Newton's Method of calculating square roots is an iterative root-finding algorithm, that produces successively better approximations of the root. Where ${\alpha}_{0} $ is an initial approximation of $\sqrt{N}$. If the initial approximation is suitably chosen, the process converges quickly and accurate approximations to $\sqrt{N}$ are obtained after only a few iterations. However, if extended multiple-precision approximations to $\sqrt{N}$ are sought, the computation time increases rapidly because of the times required for dividing ${N}$ by a many-digit number. Generally, the time required for floating-point division on modern electronic computers compared to floating-point multiplication is at least twice as much for double precision computations.

![Iterational Accuracy](./images/iterations.png)

This is an example of the algorithm each time it runs. Where ${\alpha}_{0}=1$, ${\alpha}_{1}=1.5$, and so on for 5 iterations until it is accurate to 100 decimal places (python can only display 52).

### References
[1] The square root of 2; Ian McLoughlin; https://web.microsoftstream.com/video/214c8379-7c67-45b5-910d-39ec5d269223<br/>
[2] The square root of 2 to 1 million decimals; Jacques Dutka; https://www.jstor.org/stable/2004359?seq=1&cid=pdf-reference<br/>
[3] Methods of Computing Square Roots; Wikipedia; https://en.wikipedia.org/wiki/Methods_of_computing_square_roots
[4] Square Root of 2; Byju's Classes; https://byjus.com/maths/square-root-of-2/

In [3]:
def sqrt2(N):
    
    # Initial estimation of the square root. In this case 2 / 2 = 1. Actual root is 1.414
    a = N / 2.0
    
    # Precision variable, 1e-6 gave a result accurate to 100 decimals.
    precision = 0.000001

    # If the difference between N and a^2 is greater than 0.000001, continue the loop.
    while abs(N - (a*a)) > precision: 
        a = (a + (N/a)) / 2.0 # Gives a more accurate estimation than the initial estimate each time it is iterated.
        
    return a

ans = sqrt2(2)

# Multiply answer by a googol to convert it to an integer, as you can only format floats to 52 decimals in python.
ans = ans * (10**100)

# Convert to a string and insert decimal place.
s = str(int(ans))
ans = s[:1] + '.' + s[1:]

In [8]:
print("The Square Root of 2 to 100 decimals =\n %s" % ans)

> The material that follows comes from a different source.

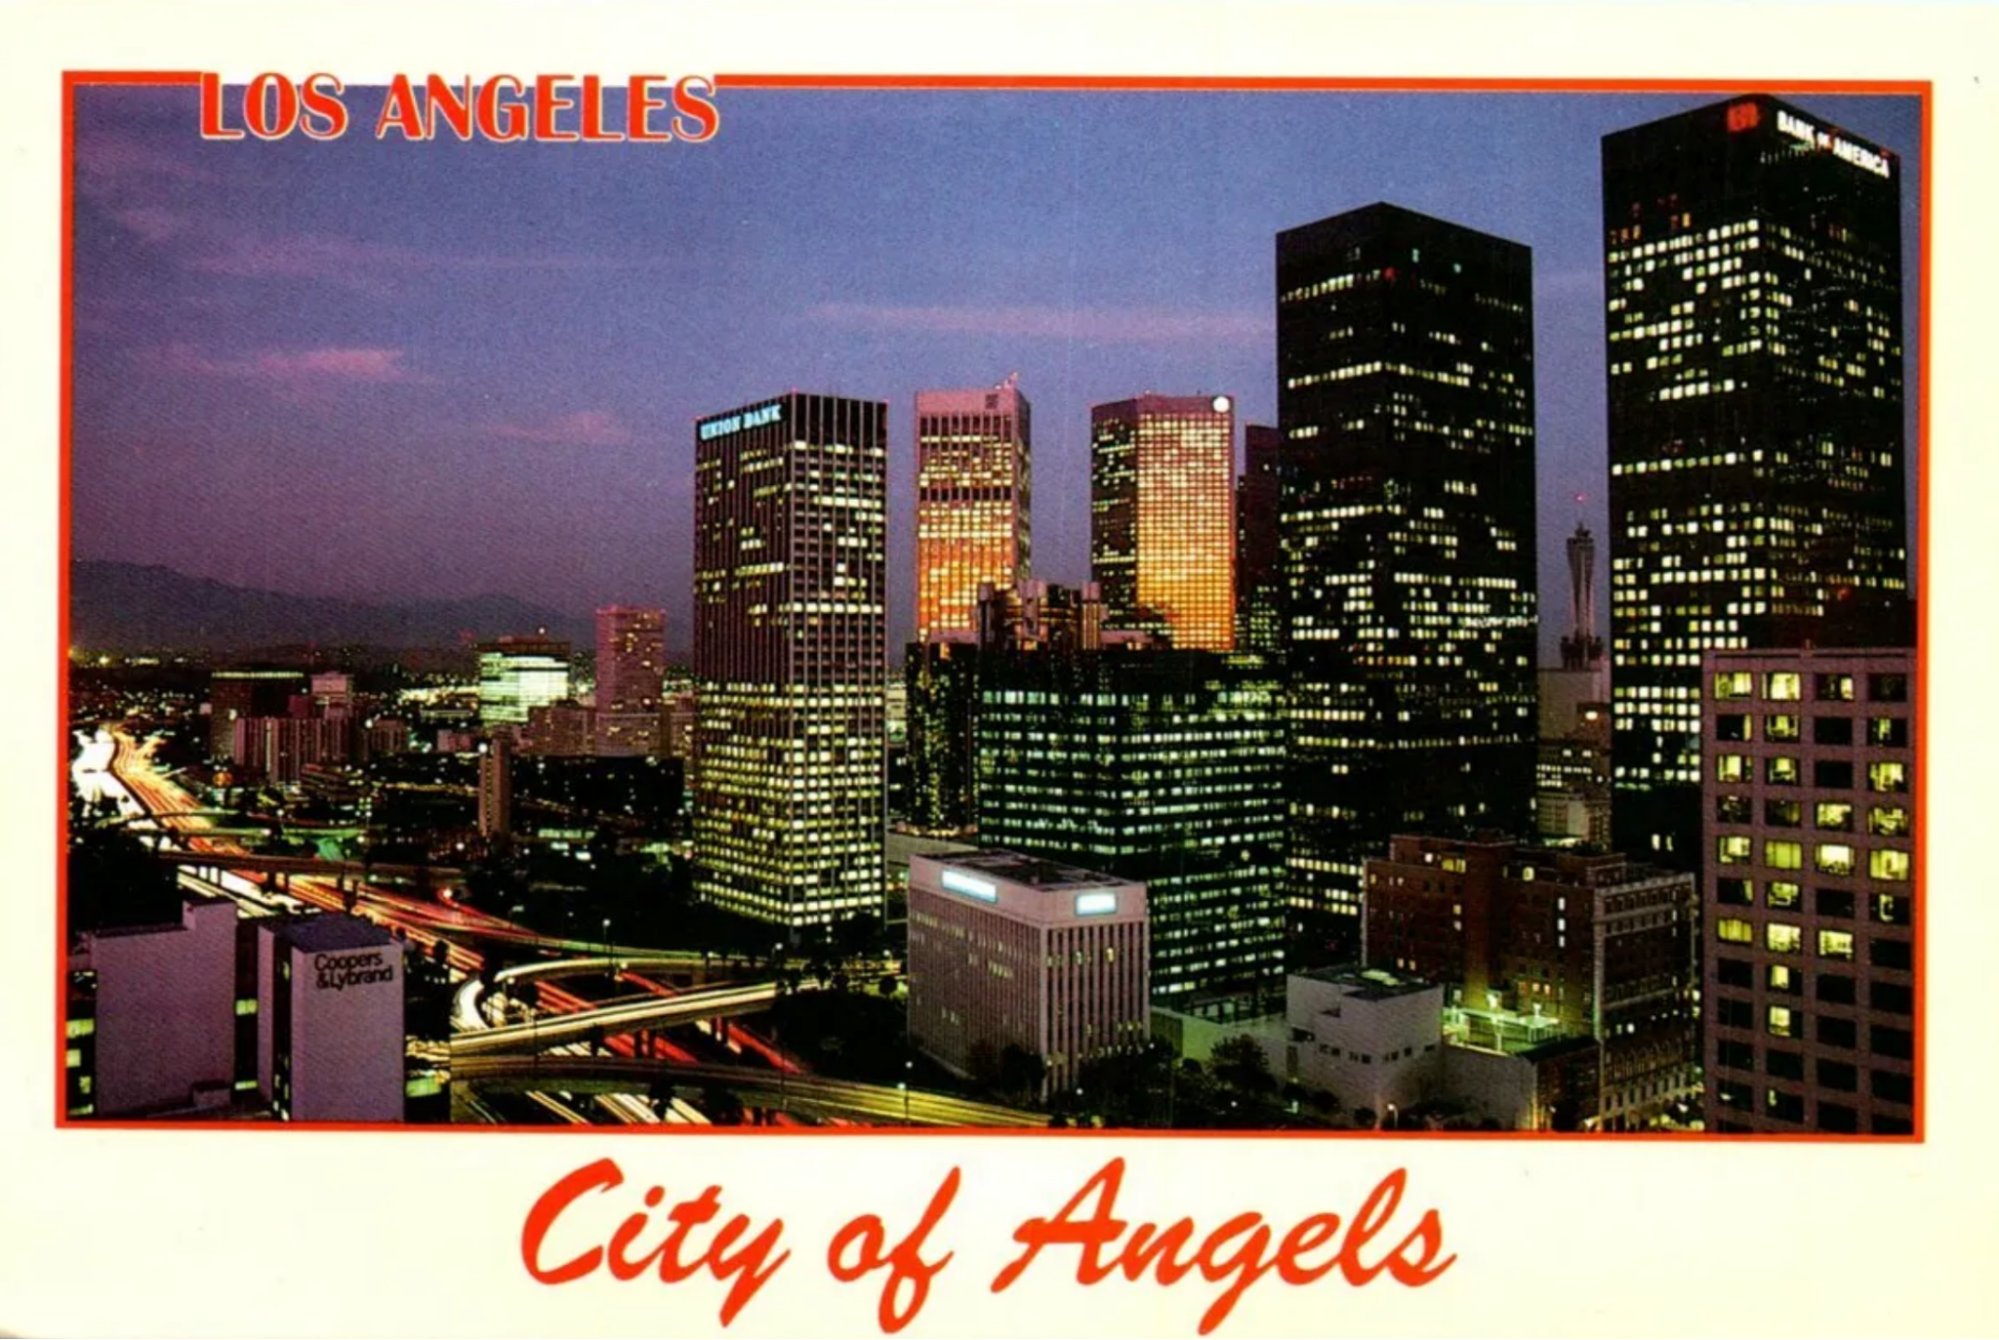 Postcard from the city of Los Angeles that reads "Los Angeles, City of Angels". Ayham Ghraowi

The Square Root of 2 to 100 decimals =
 1.4142135623746899583029298868490835765746669908143409641927621954070784222600499434409744805268553728


# Task 2 - Pearson's chi-squared test

A statistical hypothesis test that is used to determine whether there is a statistically significant difference between the expected frequencies and the observed frequencies in one or more categories of a contingency table. The formula below is used to calculate the difference between the observed and expected in a table of values.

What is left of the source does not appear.